A year ago it was reported that Koenigsegg's FreeValve sister company had put its camless engine technology in use in the Chinese carmaker Qoros's Qamless concept car. Direct valve control is a more agile way of managing valve lift and duration, compared to the time-honored way of having a camshaft or two. Koenigsegg compared a regular camshaft to playing a piano with both hands tied to the opposite ends of a broomstick, while direct valve control gives a Liberace-level freedom of top end wizardry.

Now, British technology firm Camcon Automotive has also announced own take on the technology, called Intelligent Valve Actuation. Using a similar simile as Koenigsegg, Camcon compares the jump from camshaft tech to a digital valvetrain system as being similar to moving from carburetors to fuel injection. Camcon says IVA allows valve lift, timing and duration to be independently and infinitely controllable, giving petrol engines "the driveability and economy of diesels but with more benign and manageable emissions", as quoted by Autocar.

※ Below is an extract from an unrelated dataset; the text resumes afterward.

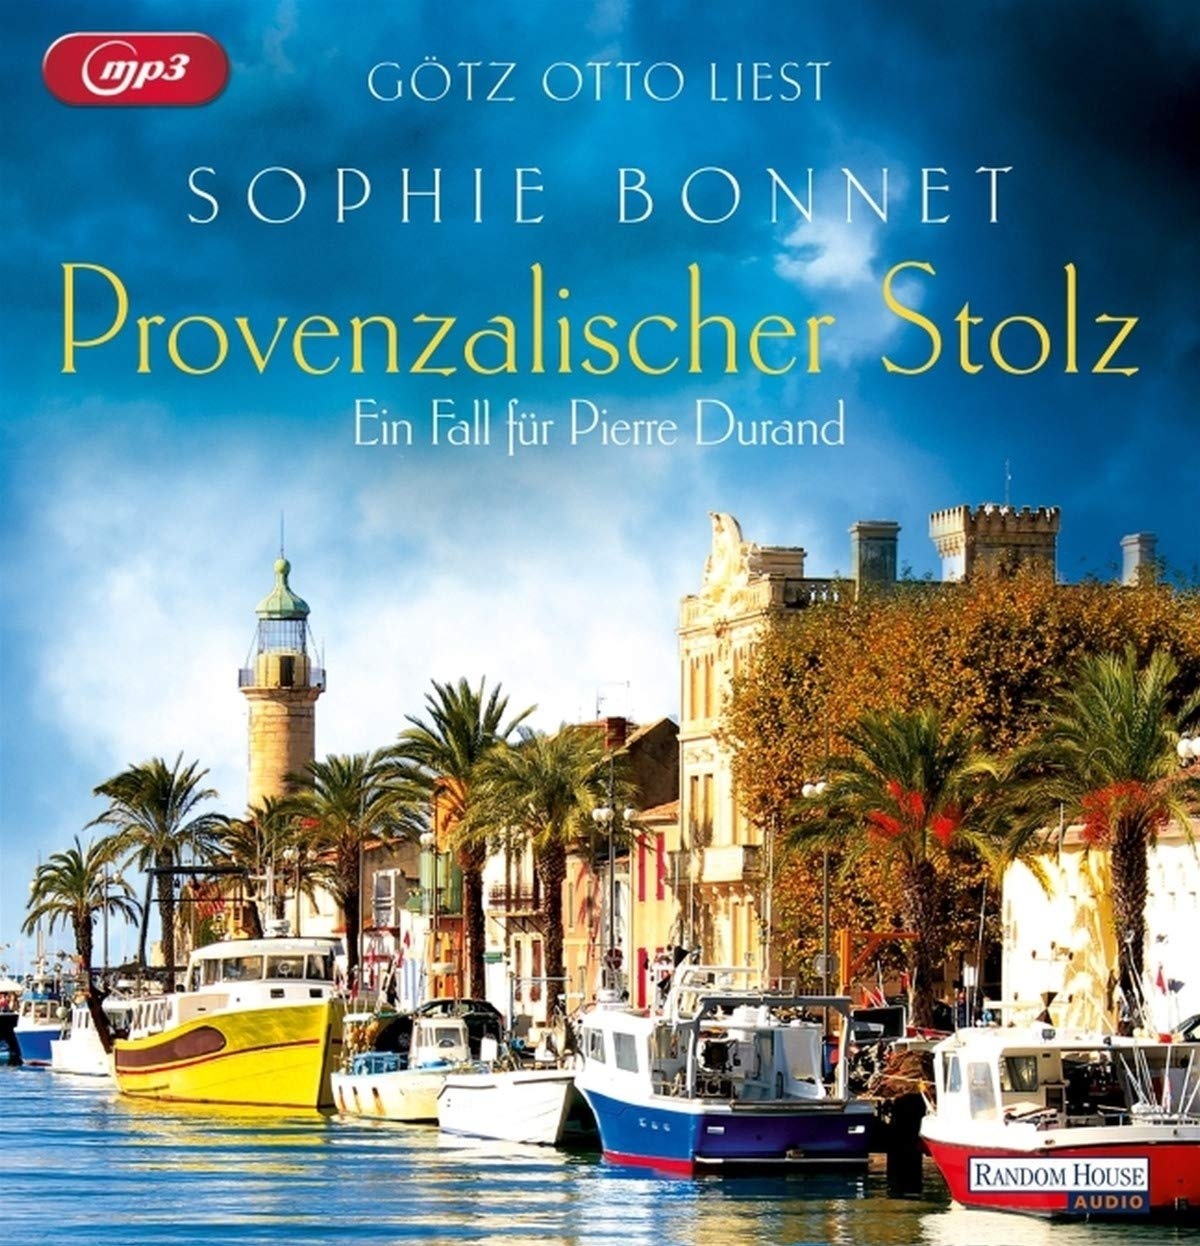 Купить альбом Sophie Bonnet: Provenzalischer Stolz [CD] на компакт-диске по...

With Camcon's IVA, there are electromechanical actuators that are housed on top of the engine, each controlling a short camshaft that manages a single valve or valve pair. As the system allows complete flexibility, benefits include more sophisticated cylinder deactivation, more low-down torque and more high-speed power as situations demand. Autocar says Jaguar Land Rover is showing interest and offering technical help to Camcon, and both indoor and road testing is in the cards. Camcon says the setup could be only two-three years from production if adopted by a major automotive supplier.